Fuel That Loves You Back: 3 Simple Meals to Prep Today

The holidays are here—and with them come packed schedules, endless to-do lists, and about a hundred opportunities to grab whatever food is closest when you’re running out the door.

That’s why meal prep isn’t just a time-saver—it’s a sanity saver.

Prepping even a few simple meals each week helps you stay fueled, avoid the mid-afternoon crash, and make choices that actually support how you want to feel.

When life gets chaotic, the small habits matter most. A few minutes in the kitchen today can mean the difference between grabbing takeout out of desperation or sitting down to a meal that actually nourishes you. 

Here are three simple, crowd-favorite recipes you can prep in under an hour and mix-and-match throughout the week:

1. Buffalo Chili

Packed with protein and full of flavor, this one is a lifesaver on busy nights. Toss everything into a slow cooker or Instant Pot, and let it do the work. Serve it over rice, potatoes, or even cauliflower rice for an easy, comforting meal that reheats perfectly.

Ingredients:

2 lbs chicken breasts

Bone broth - to preference

Primal Kitchen or Noble buffalo sauce, 1- 1.5 bottles

28 oz can crushed tomatoes

1-2 packages of prepared mirepoix (or dice onion, celery and carrots on your own)

Salt, pepper, garlic to taste

Directions:

-Put all ingredients in a dutch oven, slow cooker or instant pot, cover and cook. Dutch oven is about an hour simmer time, slow cooker is 4-6, instant pot is 20 minutes on high pressure. You know it’s done when you can easily fork-shred the chicken.

-Once the chicken is shredded, let it simmer (or sit in the pot if you’re using an instant pot) to absorb a bit of the liquid. 

-Serve over starch of choice.

2. Egg Roll in a Bowl

All the flavor of takeout, none of the guilt. This one-pan wonder combines ground turkey or chicken with a slaw mix and your favorite seasonings for a quick, high-protein, veggie-packed meal. Bonus: it’s great for lunches all week long.

Ingredients:

2lbs ground turkey or chicken

1 package of cabbage cole slaw mix and/or shredded brussels sprouts

Coconut aminos

Rice vinegar

Salt, pepper, ginger, garlic (measure with your heart)

Directions:

Sauté meat with salt, pepper, ginger & garlic (minced or powder).

Add veggies, cook until they wilt.

Add coconut aminos & rice vinegar (to taste).
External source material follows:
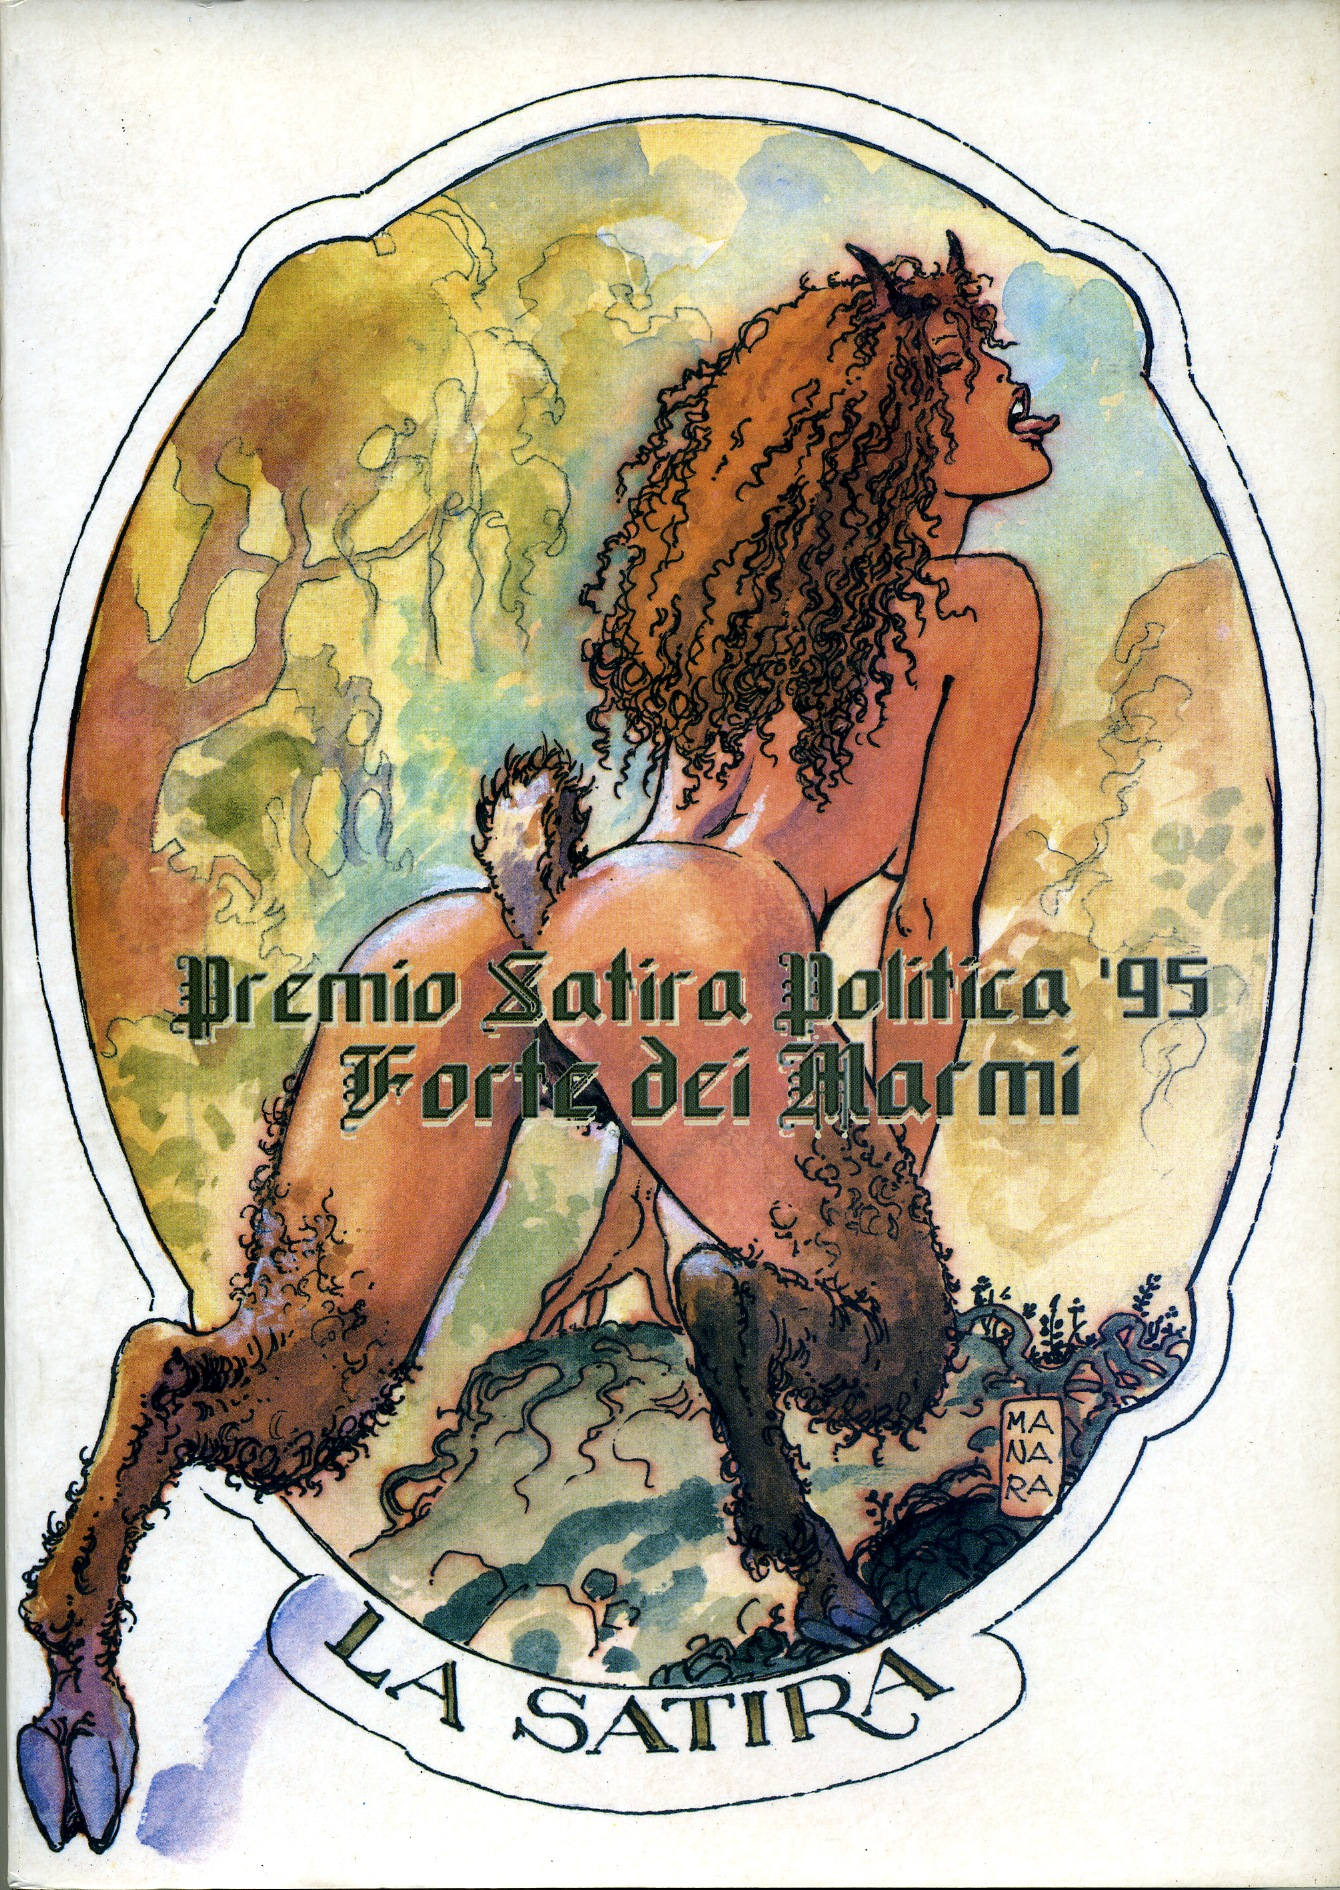 Premio satira politica 1995 - Forte dei Marmi

Serve over starch of choice, such as miracle noodles, egg noodles, or cauliflower rice.

3. Simple Chicken Breasts

It doesn’t get easier—or more versatile. Cook up a batch with your favorite spices, portion into glass containers, and pair with sweet potatoes, veggies, or rice. Change up the flavor all week with different sauces—buffalo, BBQ, teriyaki, or taco-style.

Ingredients:

2 lbs chicken breasts

¾ cup bone broth

Salt, pepper, garlic, oregano, turmeric - to taste

Directions:

-Put all ingredients in a dutch oven, slow cooker or instant pot, cover and cook. Dutch oven is about an hour simmer time, slow cooker is 4-6 depending on the heat setting, instant pot is 10 mins of cook time at high pressure. You know it’s done when the chicken easily fork-shreds.

-Portion chicken in glass dishes, pair with sweet potato or carb of choice, and veggies of choice. You can also add sauces for variety - buffalo, bbq, or teriyaki sauces are good, and taco seasoning adds great flavor! Mix and match to keep it interesting throughout the week.

Why Meal Prep Matters (Especially Now)

During the holidays, consistency often takes a back seat to convenience. But that’s exactly when structure helps the most.

When your meals are ready to go:

-You eat with intention, not impulse.

-You save time (and stress) on busy weekdays.

-You keep your energy steady for workouts, work, and family.

Remember—fuel that loves you back doesn’t have to be complicated. A little prep today means your future self gets to breathe easier tomorrow.

So, which one will you make this week?